As this was the first result when googling this problem and there isn’t an answer to the exact question, I hope there is no issue posting in this old question.

I had the same issue, and found the solution by illustrating the problem as a triangle:

- Q = our current position,
- P = target current position,
- V1 = target velocity,
- v2 = our velocity,
- z = time from now that intersection will happen,
- FP(z) = position of intersection.
- By || I mean the magnitude of the vector inside.

As you can see, we have an angle and three sides of which two are dependent on z.

We can then use the formula to create an equation:

a^2 = b^2 + c^2 - 2 * b * c * cos(A)

(|V2| * z)^2 = (|V1| * z)^2 + |PQ|^2 - 2 * |V1| * z * |PQ| * cos(angle(PQ, V1))

Note: it is important for the angle that we use PQ and not QP, for the magnitude it doesn’t matter.

After some re-writing, we get a quadratic function = 0 with the coefficients:

- a = |V2|^2 - |V1|^2
- b = 2 *|V1| * |PQ| * cos(angle(PQ, V1))
- c = -(|PQ|)^2

We then use the normal formula for solving a quadratic function = 0 to find z. If there is a possible intersection, then we will get a positive z. Remember to check if a != 0 and that the determinant >= 0 (return a negative number if we can not find a solution).

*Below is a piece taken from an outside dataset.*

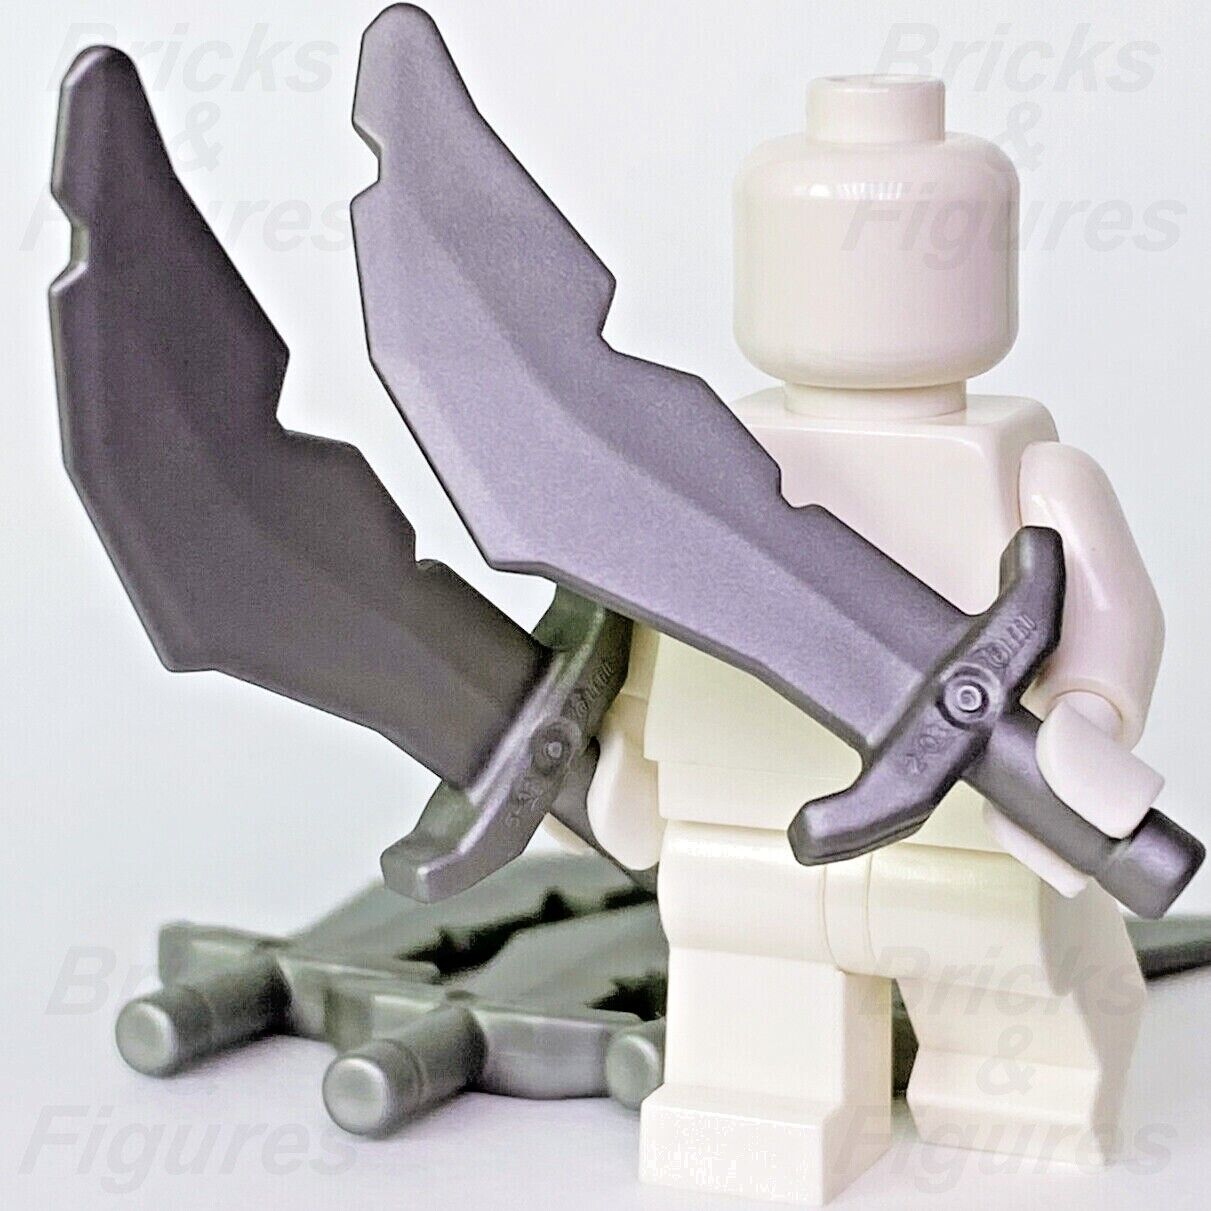 5 x LEGO Flat Silver Scimitar Swords Blades Minifigure Weapon Parts 60752 New - Bricks & Figures

If we get a positive number, we can use FP(z) to find the position of the intersection. FP(z) is a simple line equation for lines in 3d:

FP(z) = P + z * V1

If we get a negative z, it is up to yourself how to handle this. You might also want to create an upper bound on z, so if the missile is chasing behind the target with a small velocity difference, it isn’t aiming 10km ahead.

Update: One thing I didn’t take into account when writing this answer was that it is possible for two intersections to exist. In that case we will get two positive z values. Choosing the lowest positive z should be the most optimal option (earliest intersection point), but choosing the other is still valid. Just make sure to be consistent between choosing the closest or furthest intersection or you can end up with constantly switching between the points ending up not really reaching either.